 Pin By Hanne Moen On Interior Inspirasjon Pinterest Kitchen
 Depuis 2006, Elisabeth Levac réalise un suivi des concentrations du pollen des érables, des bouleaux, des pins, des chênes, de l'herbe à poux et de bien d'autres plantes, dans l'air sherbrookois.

-*-*-

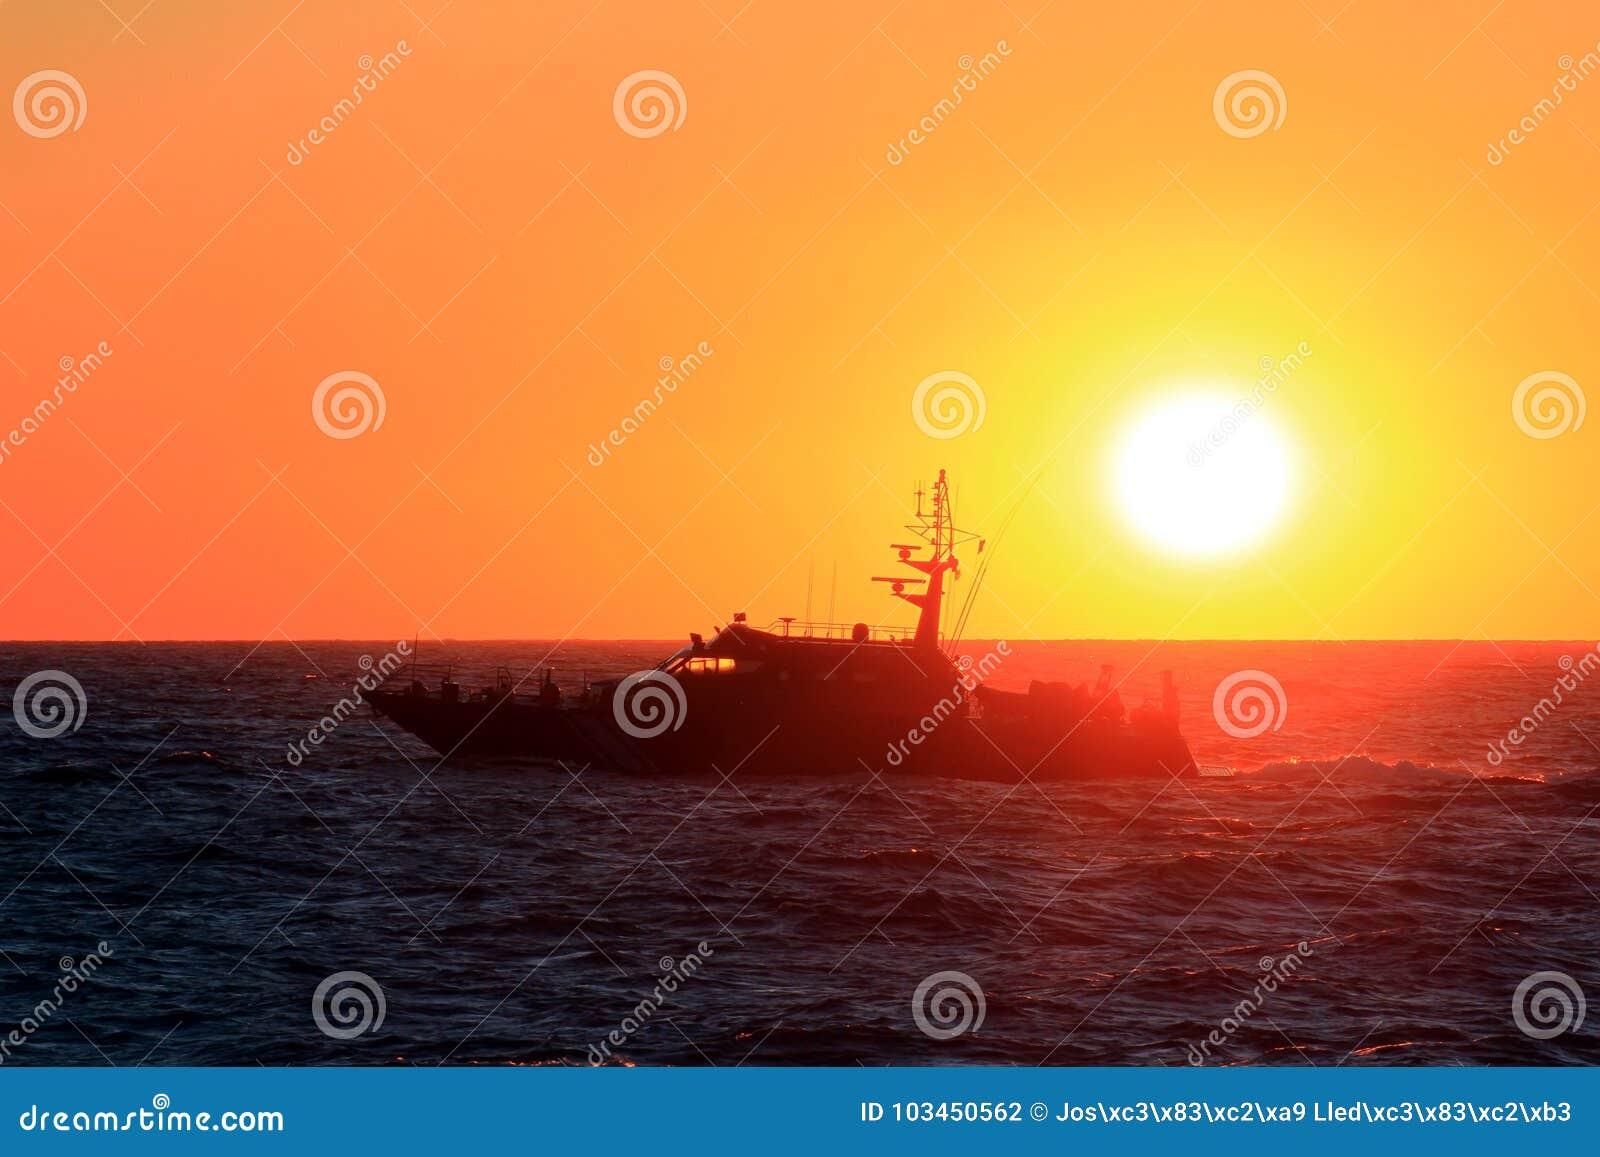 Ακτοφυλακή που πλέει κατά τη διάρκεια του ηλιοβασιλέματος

-*-*-

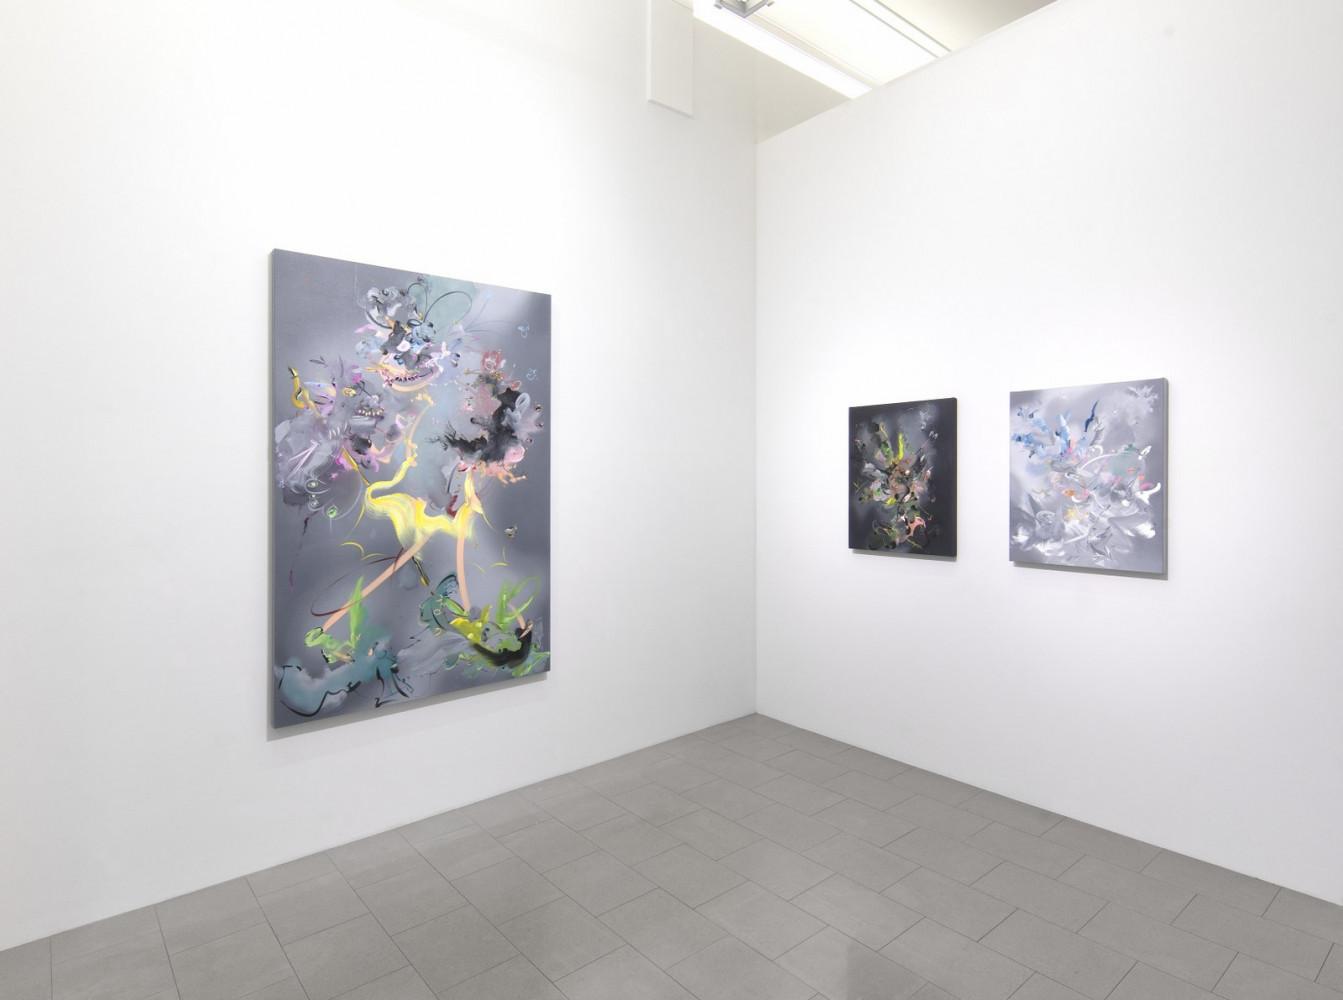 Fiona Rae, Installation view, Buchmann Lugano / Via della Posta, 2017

-*-*-

## WORK TO COMPLETE
Above are the entries. Output exactly the lines beginning with the line that has "Pin By Hanne" and ending with the line that has "Depuis 2006, Elisabeth".

## RESPONSE AREA
 Pin By Hanne Moen On Interior Inspirasjon Pinterest Kitchen
 Depuis 2006, Elisabeth Levac réalise un suivi des concentrations du pollen des érables, des bouleaux, des pins, des chênes, de l'herbe à poux et de bien d'autres plantes, dans l'air sherbrookois.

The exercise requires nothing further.